Friday, 24 April 2020

ISS Solar Transit Captured

ISS Solar Transit Captured

This is the third instalment in a batch of blog posts which I'm putting out.  This time, I'm looking at imaging the ISS.
Since I've been interested in astronomy, I've held subscriptions to some astronomy magazine and my favourite part, regardless of which publication, is generally the section when people can submit their own images.  You can always find a great mix of targets.  Galaxies, lunar, solar, nebulae the list goes on.  I remember being stunned when I first saw a picture of the ISS taken through amateur equipment.  At first, I couldn't believe that you could photograph the ISS, and show anything more than a streak of light in the night sky as it passes overhead.
Soon though, I come to learn and understand how these things pan out and I grew a greater appreciation of the techniques needed to get these images.  For some years since, I have always fancied giving it a go.  It seemed all I needed was to be in the right place, at the right time, with the right kit in the right weather conditions.  That's a lot of 'right' things needing to be in place all at the same time.  Mmm, this could be the hardest part.

When do transits happen?

The type of image I wanted to capture was a transit image.  Either of the ISS transiting the moon, or the sun.  Either would do for me.  Logic kind of says a solar transit is more likely given that the phase of the moon is always changing whereas the sun is always present.  You just have the great British weather to contend with.  Then up steps the internet, and a plethora of sites and apps that are designed to help you determine when a visible transit might be due.  I found https://transit-finder.com/ to be most helpful when it comes to predicting solar transits.  You can enter your location, a time frame within which you want to check and how far from your position you are willing to travel to see the transit.  The site then takes that information, checks the latest ISS orbit data, and plots any relevant times and dates onto a map, showing the area where a transit will be visible from.
Let's not underestimate all the things that need to come together for this to happen.  The sky on a global scale is massive.  The Sun in comparison to the area of the sky visible from the whole planet is pretty small.  The ISS from the perspective of being on the surface of the Earth is tiny.  What you are waiting for is for your position on the surface of the Earth, the ISS (moving at a rate of 17,130mph) and the Sun to all line up at the same time.  The margins are tight to say the least.
Now imagine my excitement as I entered in my details into the ISS tracking website, only to find out that over a 2 week period, the ISS would be visible passing in front of the Sun (transiting) not once, not twice, but 3 times and all visible from my back garden.  A transit will last anything from under one second to around 2 to 3 seconds.  There's no messing.  That's all the time you've got to get that image.

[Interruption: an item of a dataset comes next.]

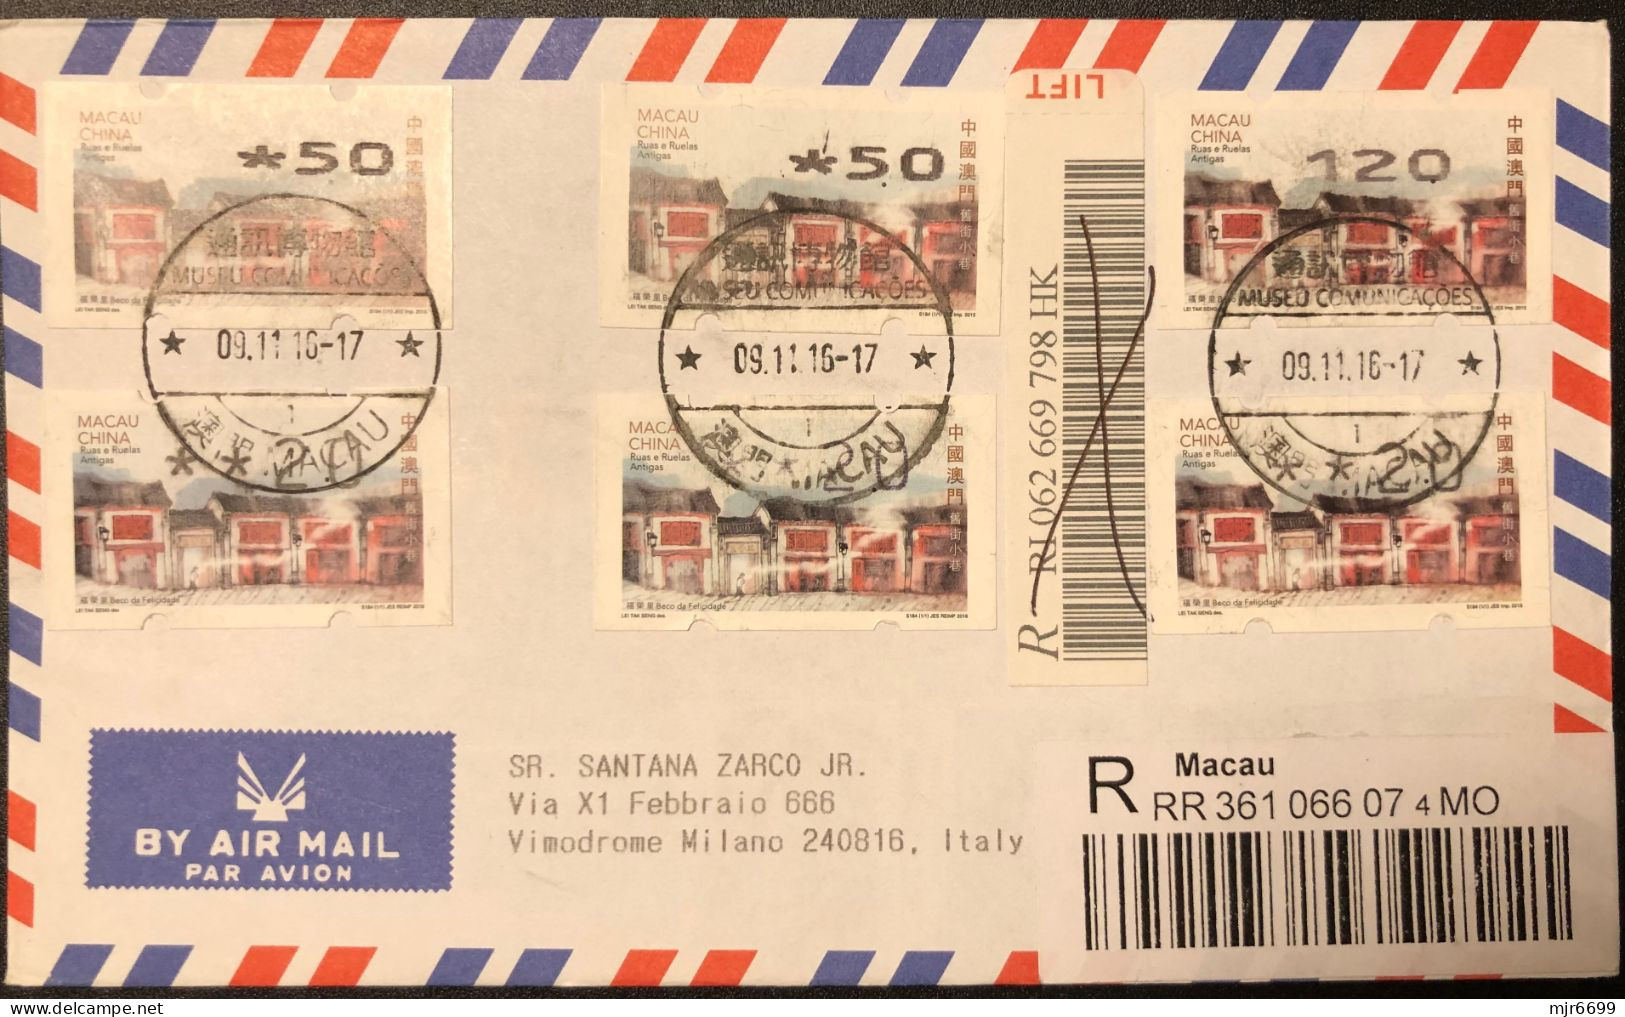 2016 MACAU ATM LABEL OLD STREETS ISSUE, REGISTERED COVER TO ITALY. 12P LABEL WITH PRINTING ERROR, Shift Left. - Distributeurs

Capturing that image... and failing.

My first opportunity came around the 13th April late on in the evening.  The sun was no longer visible from within the observatory, so, I took a spare mount and tripod into the garden, took my refractor off the mount in the observatory, and set everything up connected to my laptop.  It is at this point I need to put out the usual warning, but it would be somewhat remiss of me if I didn't give this a mention.  
Under no circumstances look directly at the sun, be it with the naked eye, or with any sort of optics such as a telescope or binoculars.  It will hurt.  It will blind you.  You will suffer irreversible damage.  Not even a pair of posh expensive sunglasses will protect your eyes.  Don't do it.  Just don't.  The only way it is possible to look at, or image the sun is by using specifically made filters or equipment that severely cut down the amount of light allowed through the device.
I used a white light filter specifically made to fit snuggly over the end of my refractor telescope.  Only when that was fitted was I able to turn the telescope in the direction of the sun, and start preparing to take pictures.  Anyway, back to the first attempt.
With everything set up and working, I took a couple of test frames and managed to frame the Sun pretty well in the centre the camera's field of view.  Then, up steps the wonderful British weather.  A single, although large cloud crept along the surface of the Sun, obscuring it from view.  This is where the problem started.  Not being a regular solar imager, I needed some time to test my camera settings.  Getting the sun in focus is one thing.  Getting the correct exposure times and gain settings is something else, requiring plenty of experience, or at least, time for trial and error.  Do you know, that single cloud hung around as long as it possibly could?  I watched my countdown to the time when the transit was due to happen.  I was running out of time.  I wanted to take 1 minute worth of exposures, approximately 30 seconds either side of the transit time, to make sure I caught it.  The cloud cleared the Sun with about 90 seconds left to go, and I simply ran out of any testing time.  I could only go with what I had.  I failed.  Miserably.  However, I have got a nice collection of around 200 frames of a bright white circle to show for my efforts.  There's no doubt the ISS did transit the Sun as it was predicted to.  My camera settings were hopelessly over exposing the images though.  I had nothing.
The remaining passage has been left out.